> TASK DIRECTIONS: Write out nothing but the lines from the one containing "The Incredibles Vs" through the last line below, both included, and without the pictures.

> DATA:
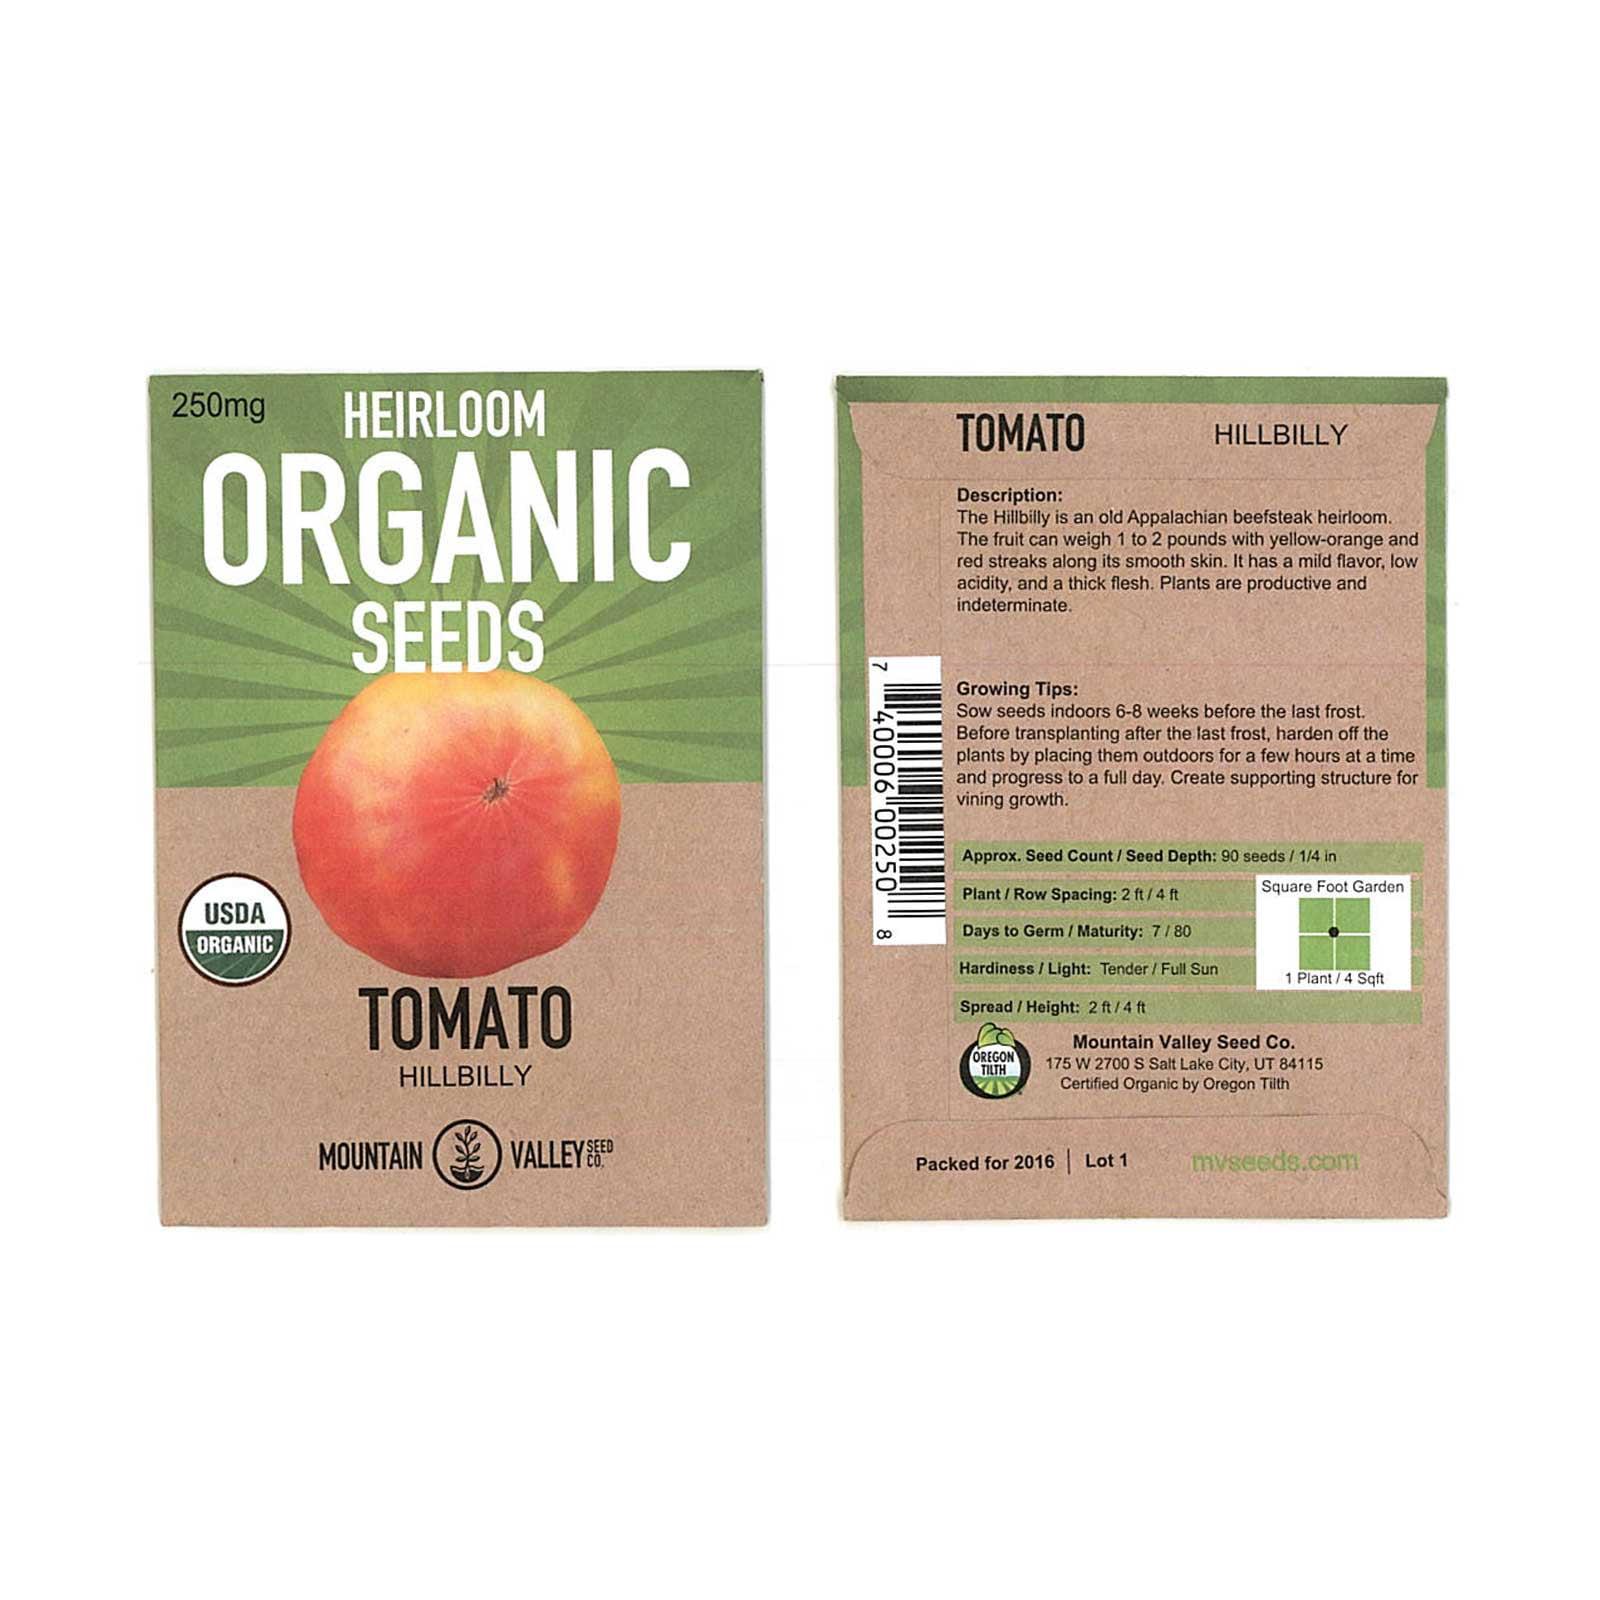 Tomato Garden Seeds Yellow Pear 250 mg Packet NonGMO Organic
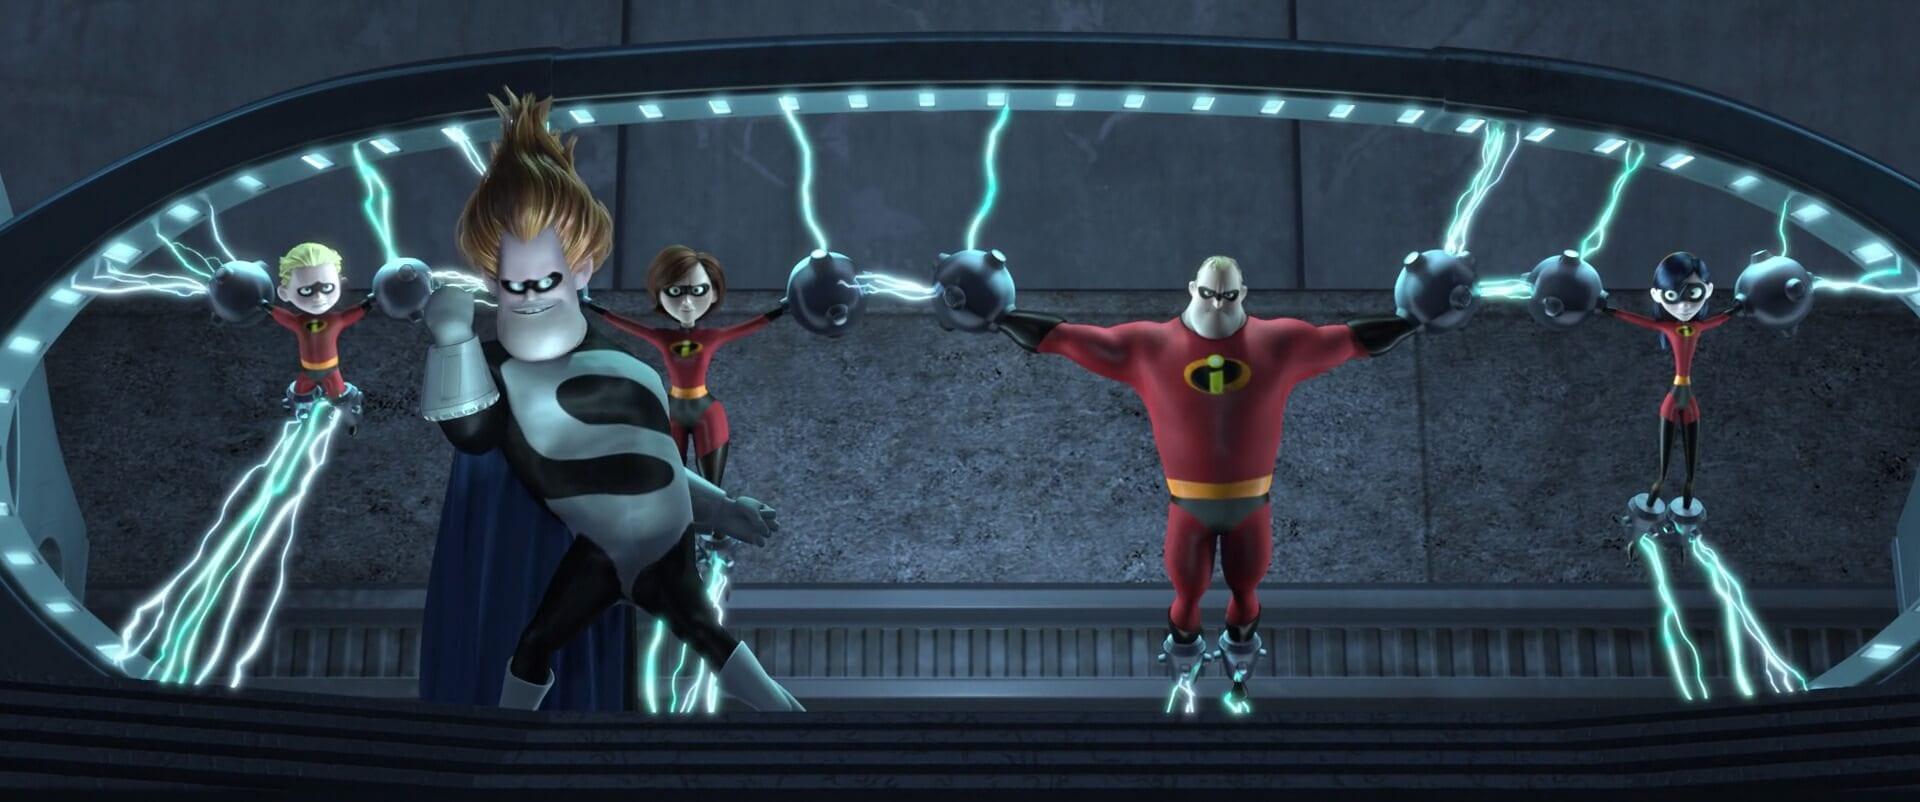 The Incredibles Vs Incredibles 2 Geeks Gamers
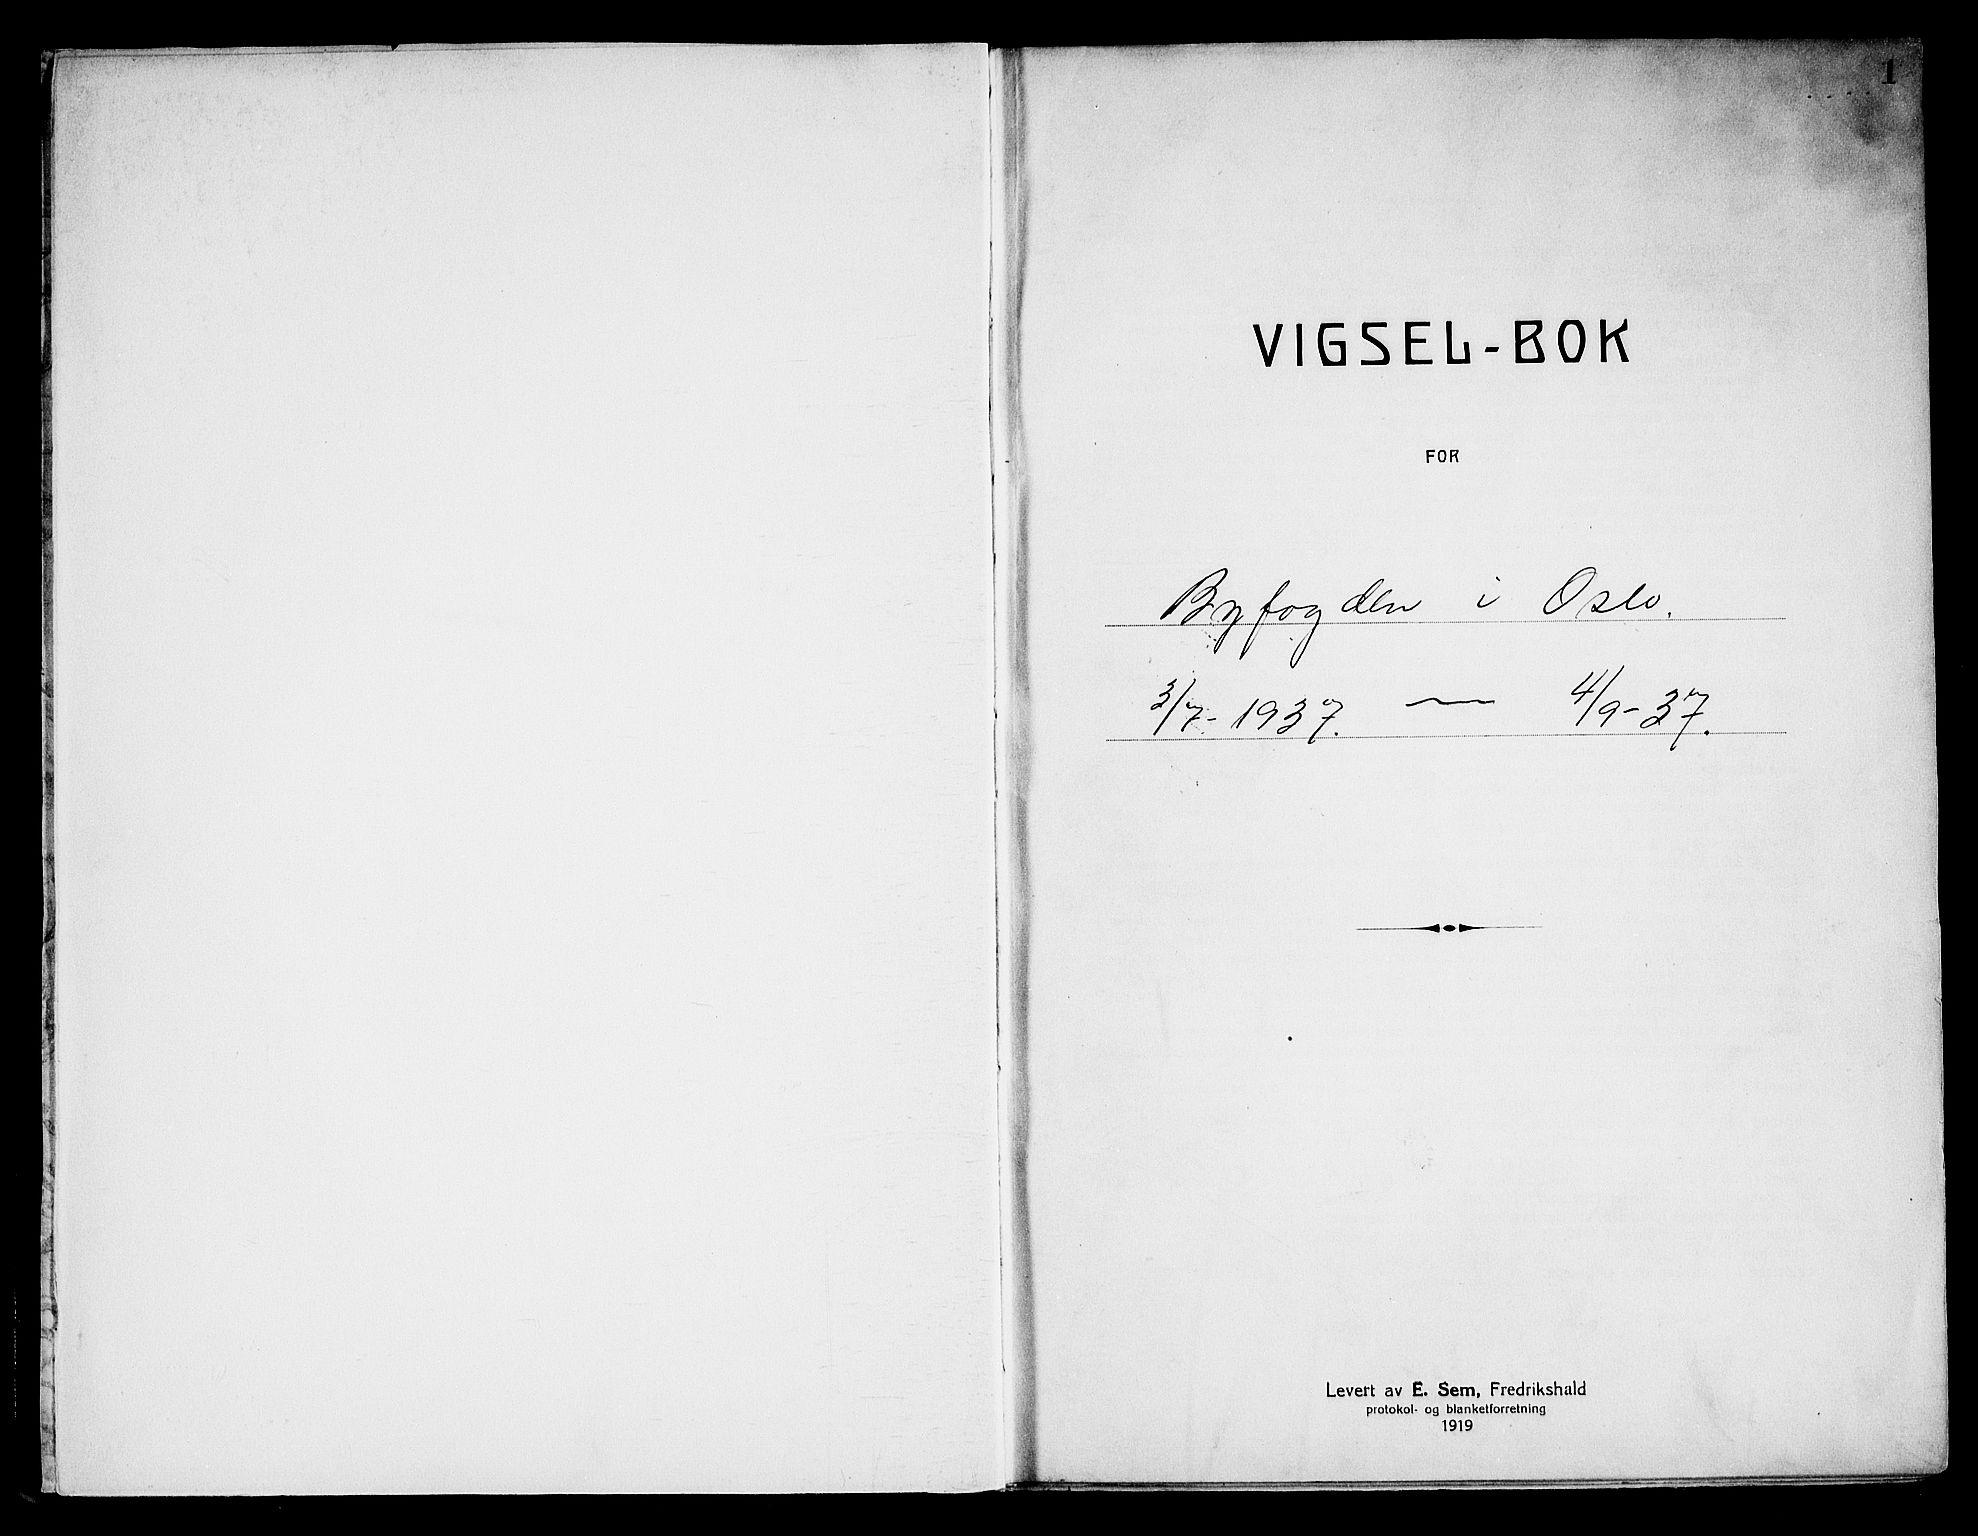 SAO, Oslo byfogd avd. I, L/Lb/Lbb/L0028: Notarialprotokoll, rekke II: Vigsler, 1937, s. 1a

> YOUR SOLUTION:
 The Incredibles Vs Incredibles 2 Geeks Gamers
 SAO, Oslo byfogd avd. I, L/Lb/Lbb/L0028: Notarialprotokoll, rekke II: Vigsler, 1937, s. 1a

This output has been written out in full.